Capítulo 101: Onde foram parar os petiscos?

Porta da Fazenda Pequena casa natural 2341 palavras 2026-03-25 02:36:28

Su Lan dividiu todos os docinhos e petiscos em quatro partes, deixando a maior delas em casa. Em seguida, levou duas das porções menores ao quintal dos fundos e à casa do ramo principal da família Su. Por fim, com a última porção de doces, pegou a cesta e saiu porta afora.

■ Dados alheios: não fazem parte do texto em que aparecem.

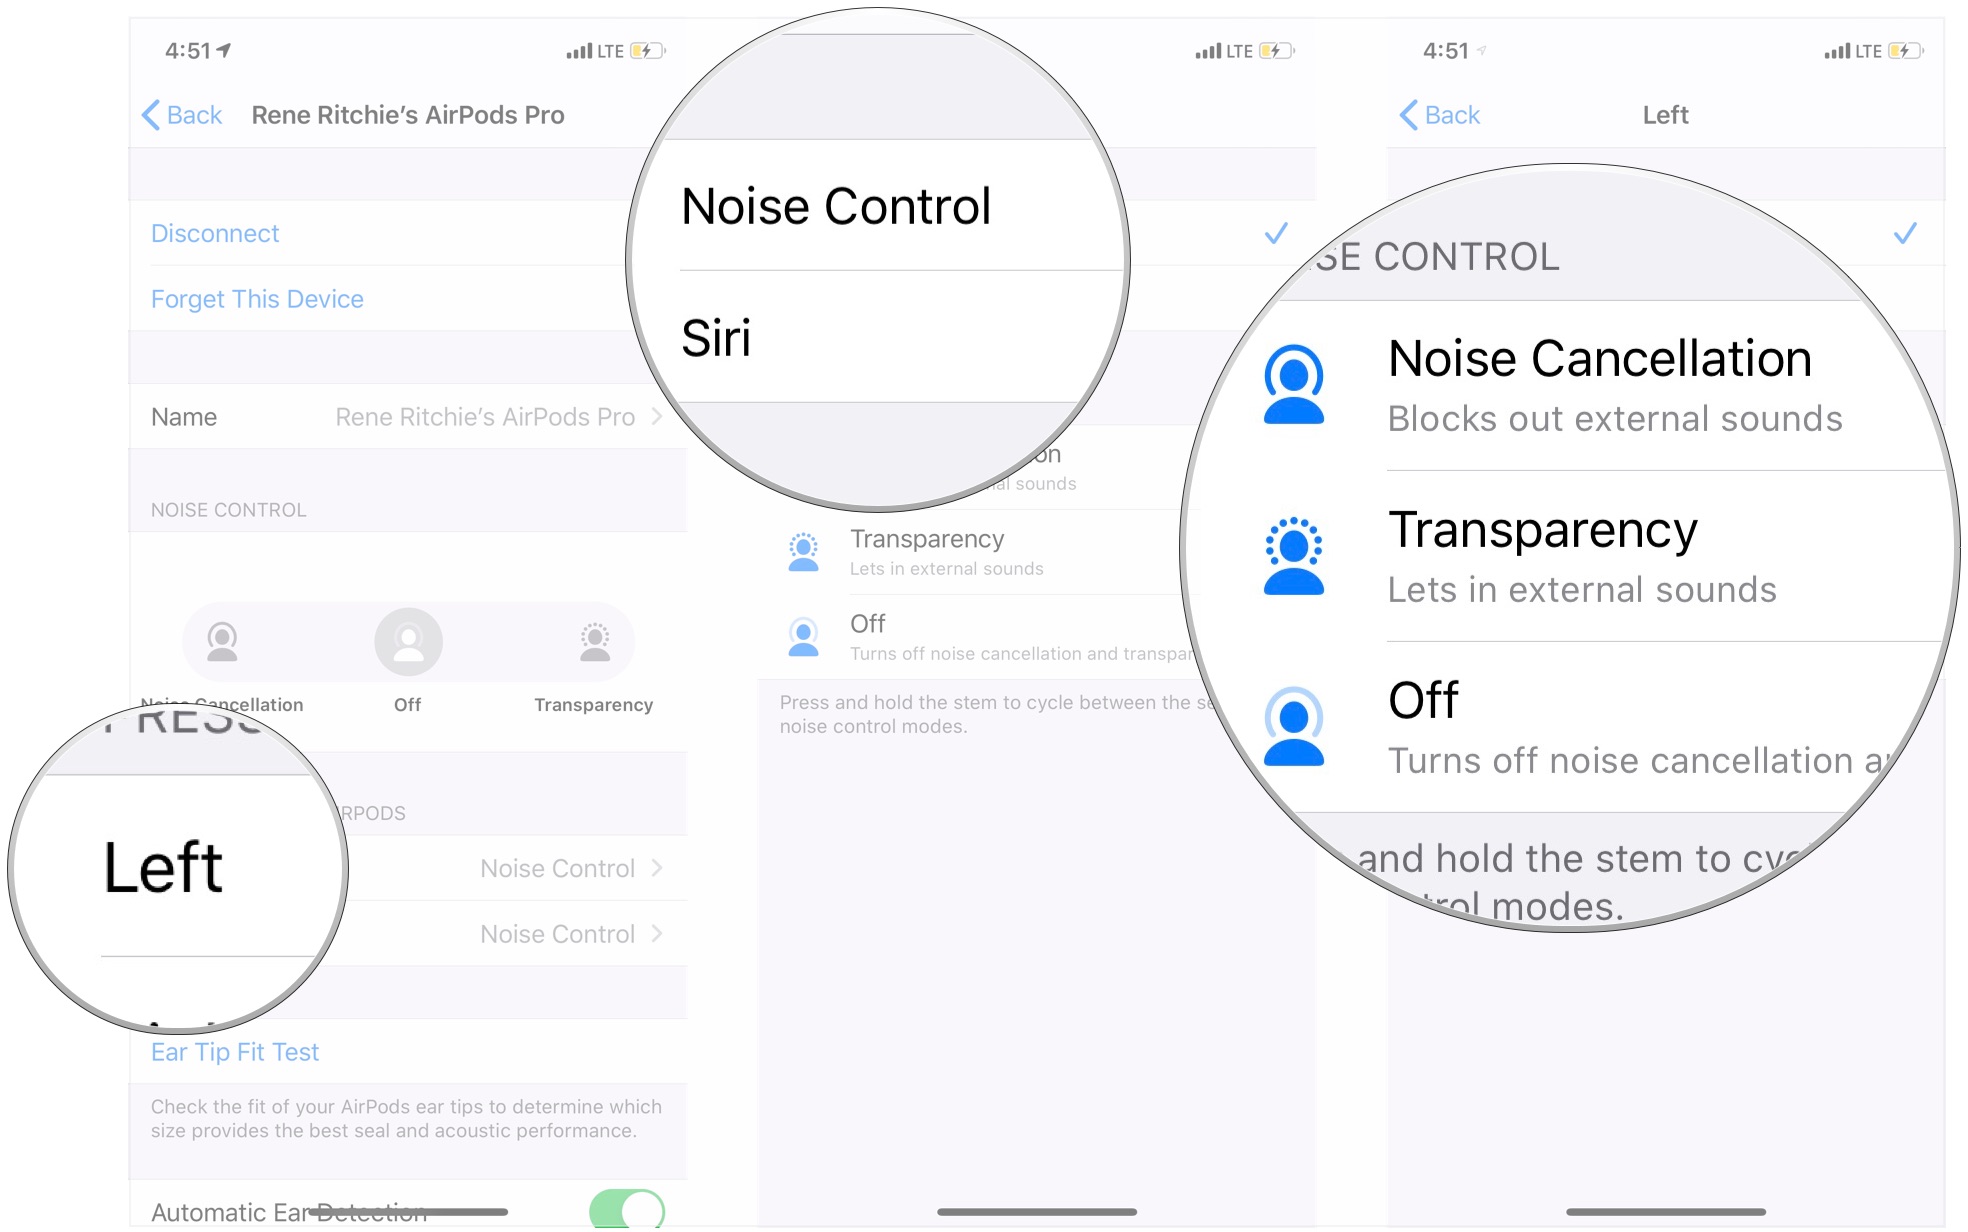 Tap Left, tap Noise Control or Siri, tap Noise Control options

Su Yongjian, ao retornar, jogou-se na cama e caiu num sono profundo, sem sequer imaginar as consequências de seus atos. Enquanto isso, Su He, ao voltar para o quarto, entrou em seu espaço particular, sem saber o que acontecia do lado de fora.

No final da tarde, Su He saiu do seu refúgio. Depois de passar quase metade do dia naquele ambiente tranquilo, acompanhada por Wu Sheng, seu humor já havia melhorado. No entanto, ao voltar à realidade, o que a aguardava era ainda mais desgostoso.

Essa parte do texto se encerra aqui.